You see, Christians take the biblical texts as if they are a divine history of their faith for the first millennium or more without attempting to discern the context for these documents. There is a discernible development to their intellectual history and it looks completely like the evolution of a faith, not a divinely revealed one.I have to admit that most people have never bothered to study the context of the Bible. He does have some valid points that the Bible is composed from several viewpoints. We are talking about 66 books, over 40 different authors, 3 continents, different cultures, various genres, three different languages, and most of Authors could not have known one another given it took 1500 years for them all to be written. Loftus' meager comparison is indeed meager. If someone from today were to read such a history of United States it would indeed be a confused mess. However the Bible is different. Each book was written with a specific audience in mind and the contemporary readers of those documents would have known and understood the context of those writings. Centuries removed it takes more study to get an understanding of those contexts.
Here's a meager comparison. It would be like reading a history of the United States that was partially written during the Revolutionary War without referring to why early Americans revolted in the first place (i.e., the context), and partially written during the Stock Market Crash by a rich author, without any context as to what caused the crash in the first place.
There is a complete lack of historical perspective in the periodically written texts of the Bible. Add to that the extraordinary claims or "wonders" we find in it and there simply is no good reason to believe them.
However I disagree with Loftus' conclusion. And I'm not the only one. Many people have studied the contexts of the scriptures - historically and culturally - and come to the conclusion that the Bible is a coherent whole telling the same story - God redeeming His people and glorifying Himself. It's His story. I recognize that there are different opinions. Some people I've spoken to on Loftus' blog (and some scholars) even deny that we can know anything about history conclusively. If they're right then Loftus' comparison is even more meaningless.

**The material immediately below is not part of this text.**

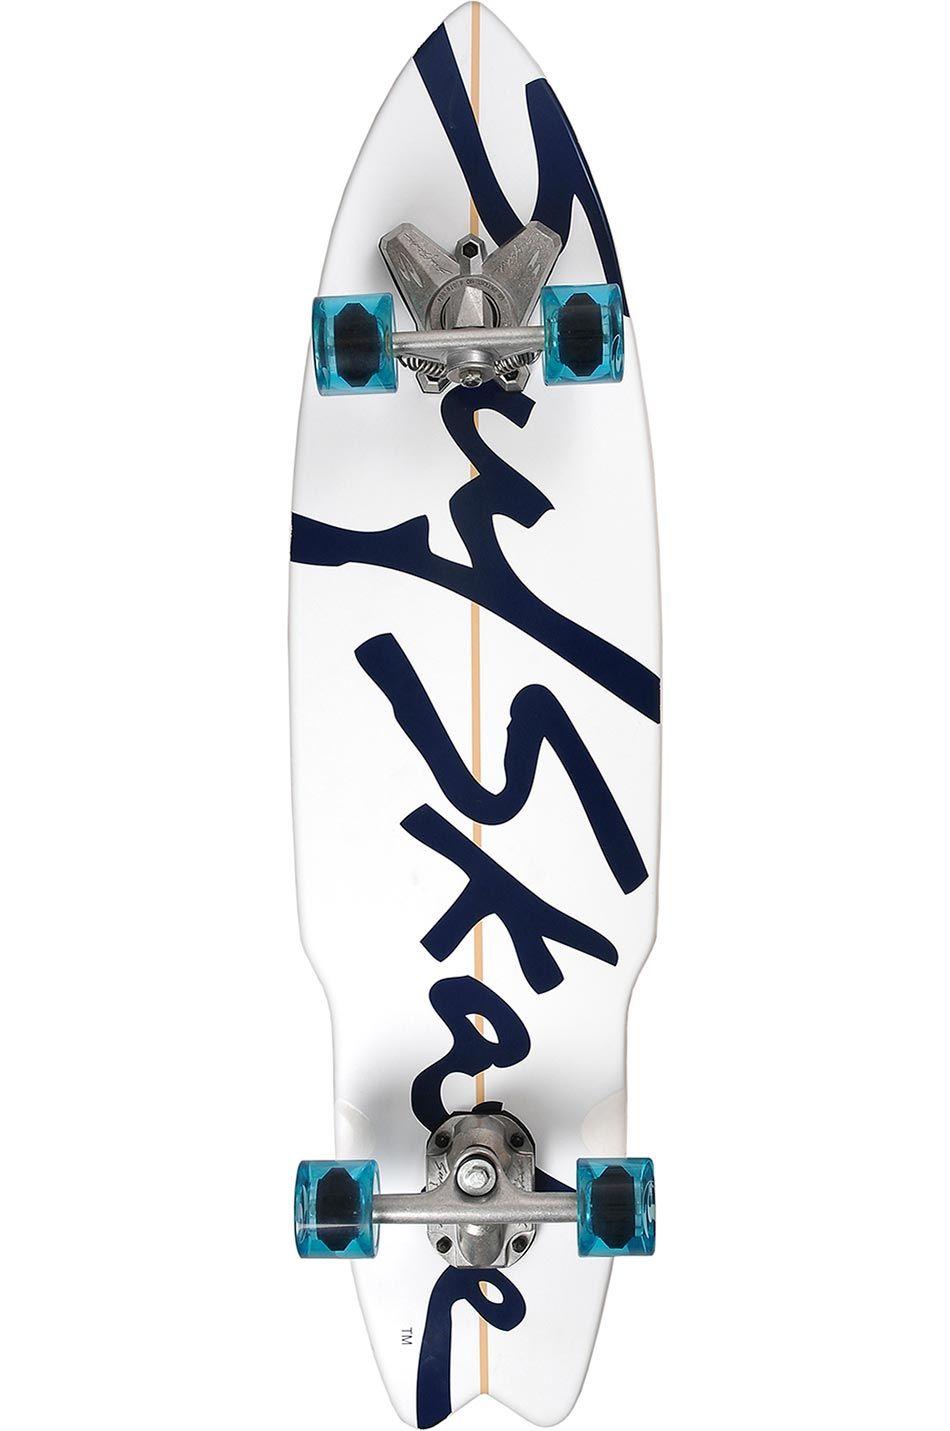 Skate SurfSkate PREMIERE NAVY 40in White/Navy

I've got to disagree that there is a lack of historical perspective in the Bible itself. The lack of historical perspective is because of those who read the Bible out of its' own context and try to superimpose their own views and prejudices. Loftus makes the suggestion that all the other texts like the intertestamental text indeed gives a equally valid but different views of Christianity. However the intertestamental texts, like the Apocrapha, is not about Christianity but they are in a Jewish context. I do agree with him that one must study early Christian literature to understand what earlier followers of Christ thought and taught. Thing the 27 books of the New Testament all predate the gnostic and Christia n apocraphal texts. I've read many of them and they contradict the New Testament in fundamental ways. Given the New Testament was first and early, it makes sense that it better represents the teachings of Jesus and the first century church. The next point of contention that is raised is that message found in the New Testament is not coherent but contradictory. I disagree.
I invite anyone who disagrees with me and would hold that New Testament contradicts itself to put their evidence on the table in plain sight and let's discuss the texts in question and see if there is a contradiction if viewed from a historical and cultural context.